Une ligne nouvelle Lyon-Turin serait inutile car la ligne existante Chambéry-Modane-Italie n’est utilisée qu’à 20 % de sa capacité. Mais cette ligne est pénalisée par son tracé sinueux, ses rampes exceptionnelles (30 ‰) et ses contraintes d’entretien. Face à la route, qui dispose d’infrastructures modernes (autoroutes et tunnels de faible altitude), ses performances limitées affectent la fiabilité des circulations, et son coût d’exploitation est dissuasif pour les chargeurs. L’opérateur de la route roulante suisse Hupac attend de l’ouverture du tunnel du Gothard une hausse de 30 % de la productivité. L’exemple du Lötschberg confirme l’intérêt d’un tunnel ferroviaire de base : 4 ans après sa mise en service en 2007, le trafic de fret entre Bâle et Milan était déjà passé de 3,8 à 11,3 millions de tonnes par an.

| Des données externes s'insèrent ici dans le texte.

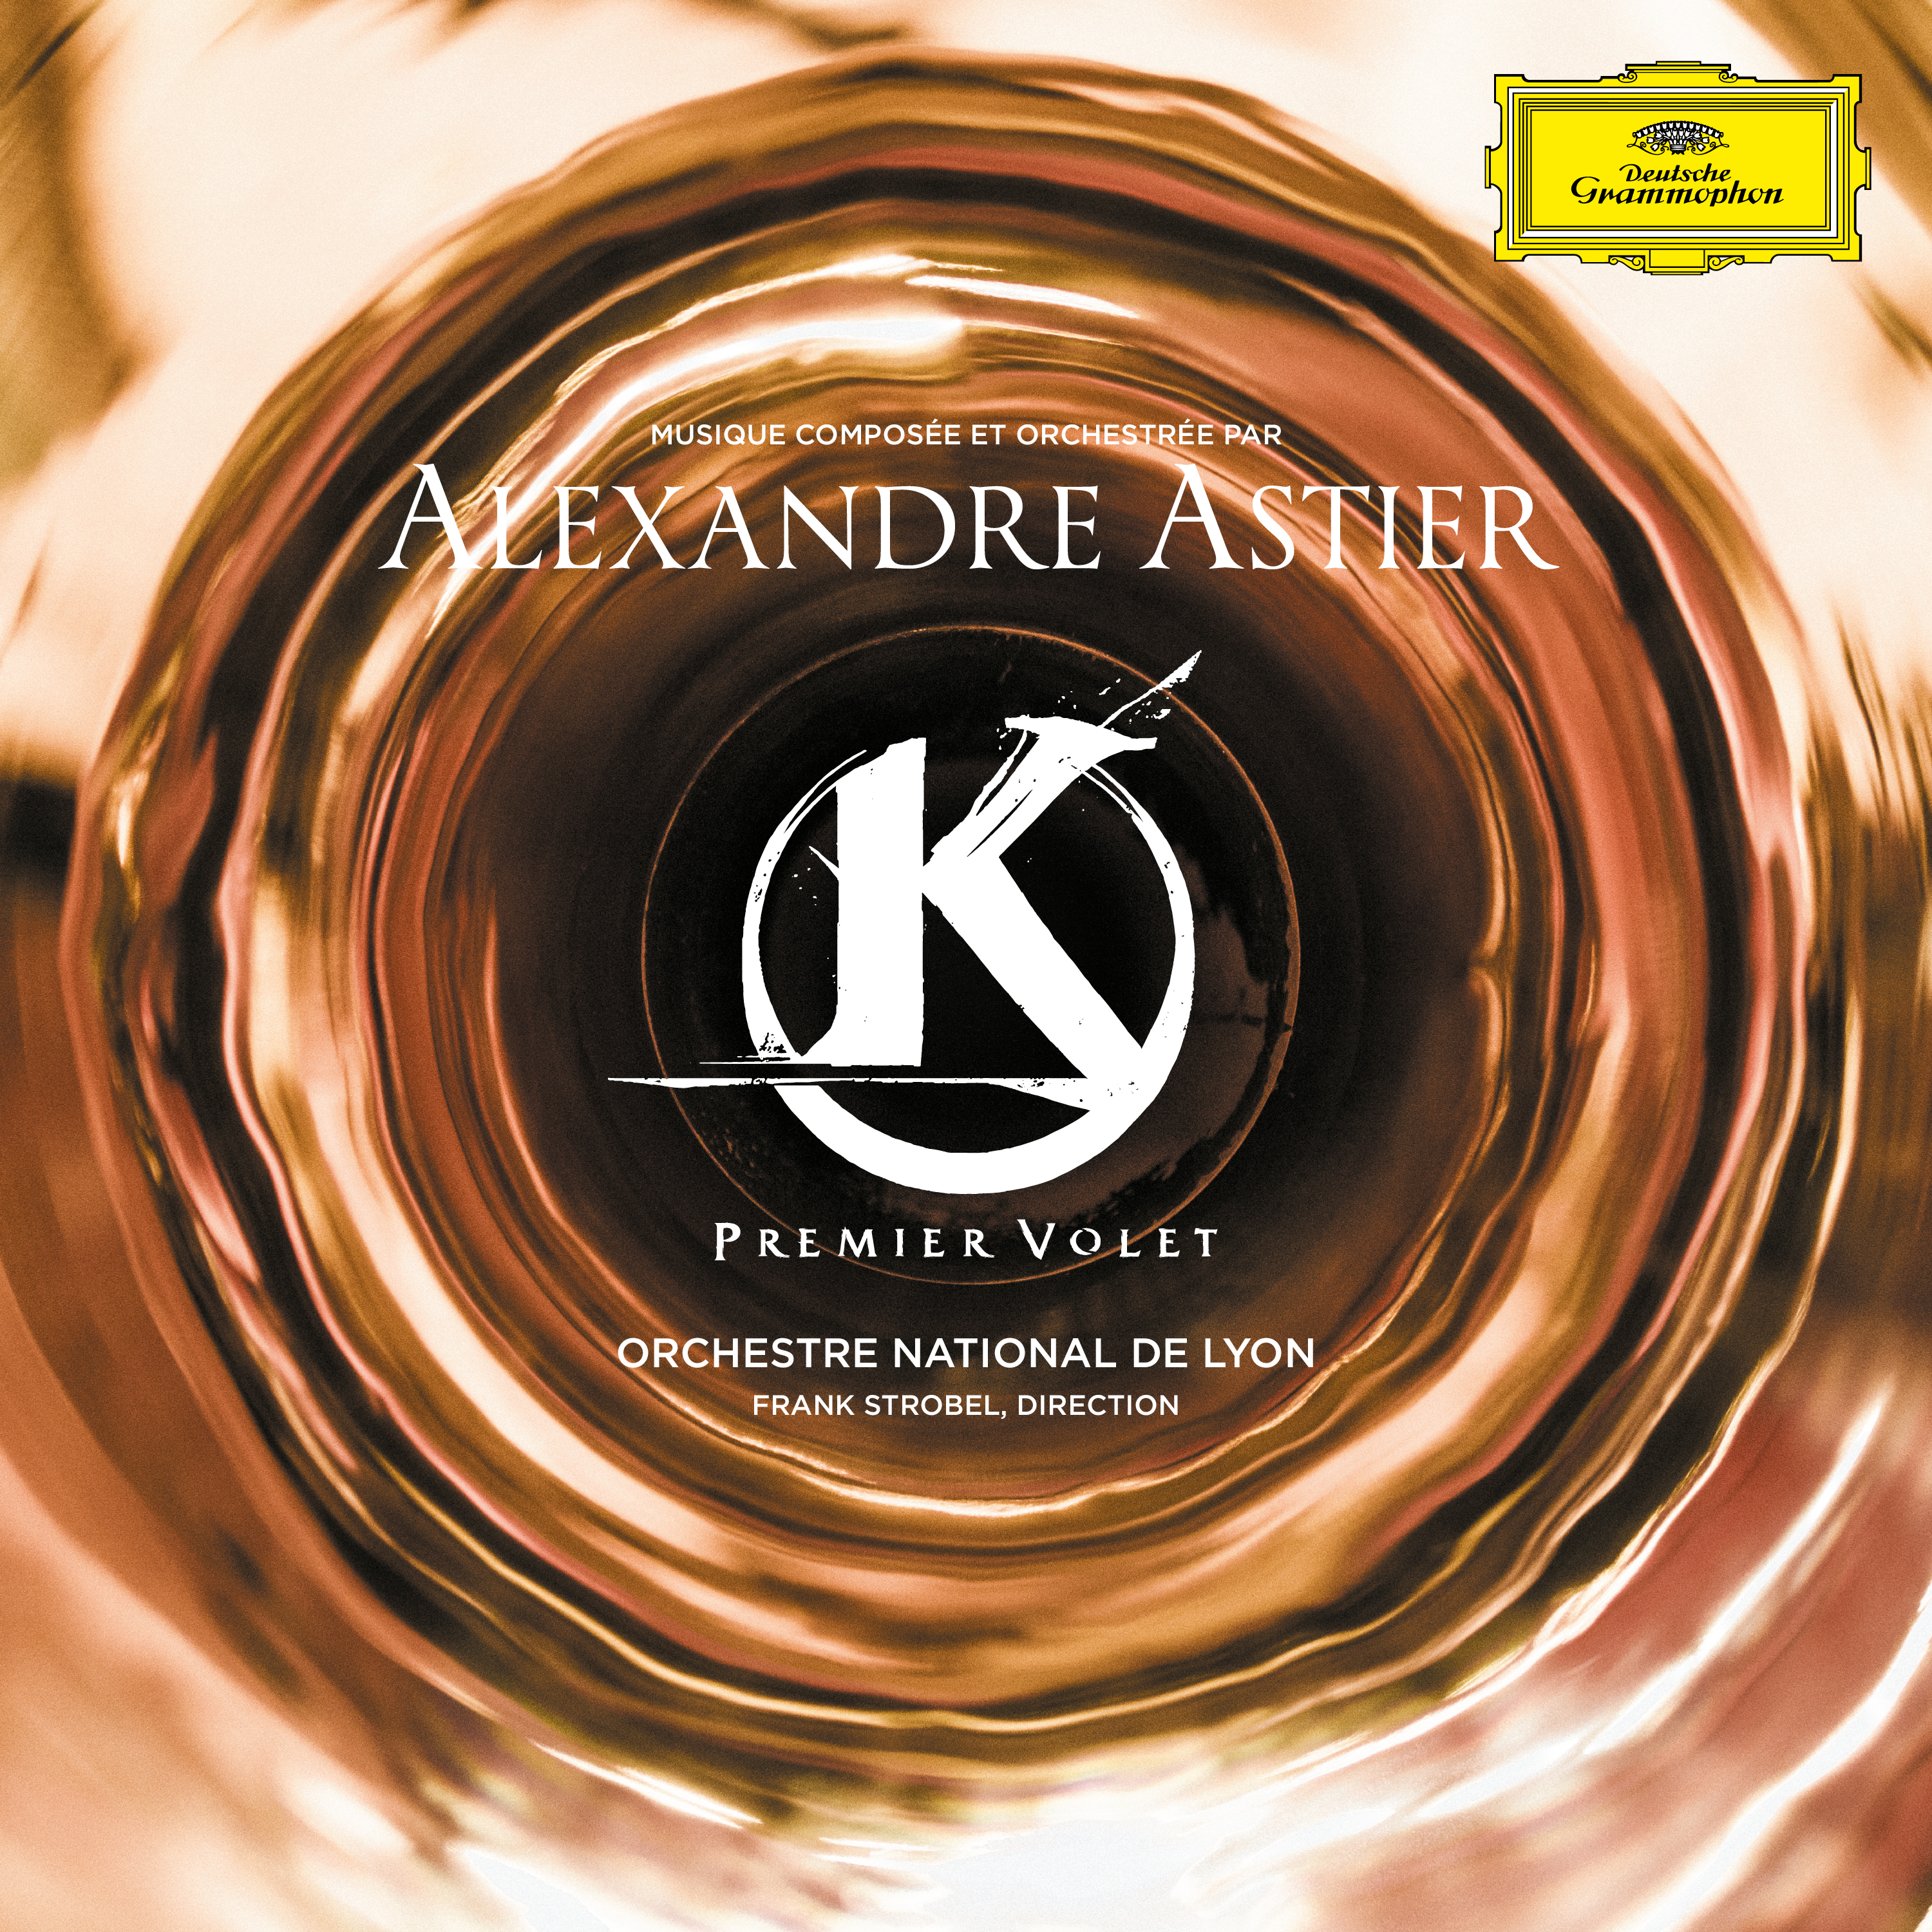 Produktfamilie Kaamelott Premier Volet Soundtrack Alexandre Astier

Des propositions irréalistes

Les opposants réclament un report « immédiat » du trafic routier de fret sur la ligne existante. Ils oublient un détail : nous ne vivons pas dans une économie administrée, de type soviétique. Ce sont les chargeurs, sensibles à la fiabilité et au coût du transport ferroviaire, qui décident.

Ils proposent de prolonger l’autoroute ferroviaire alpine jusqu’à Ambérieu et de faire circuler 100 trains de fret par jour sur la ligne classique. Mais c’est dans la région lyonnaise, où se trouvent les centres logistiques générateurs de trafic de fret, qu’il faut prolonger l’autoroute ferroviaire.

- Une utilisation intensive de la ligne Dijon-Ambérieu-Modane, si elle était possible commercialement, induirait de fortes nuisances à Chambéry et Aix-les-Bains, accentuerait les risques de pollution du lac du Bourget en cas d’accident et empêcherait de développer le trafic TER.

Des attitudes contre-productives

- Très portés sur les polémiques stériles, les opposants écologistes mettent en cause la probité de tous les promoteurs du projet, y compris celle du président unanimement respecté de TELT, l’organisme chargé de la construction du tunnel de base. Ils se sont ainsi déconsidérés auprès des décideurs politiques.

- Malgré le préjugé favorable que leur ont souvent accordé les médias, les opposants n’ont pas réussi à se rendre crédibles aux yeux de l’opinion. Leur alliance avec les anti-Lyon-Turin italiens (No TAV), emmenés par des anarchistes violents, y est pour beaucoup.

- Enfin ils affirment sans preuves que la FNAUT, qui a toujours été favorable au Lyon-Turin, y était autrefois opposée. Mais ils n’expliquent ni pourquoi, il y a moins de dix ans, ils sont passés brutalement de l’approbation du projet à une opposition virulente, ni comment, aujourd’hui, on peut se dire favorable au report du trafic routier sur le rail et s’opposer à un ouvrage qui facilitera ce report.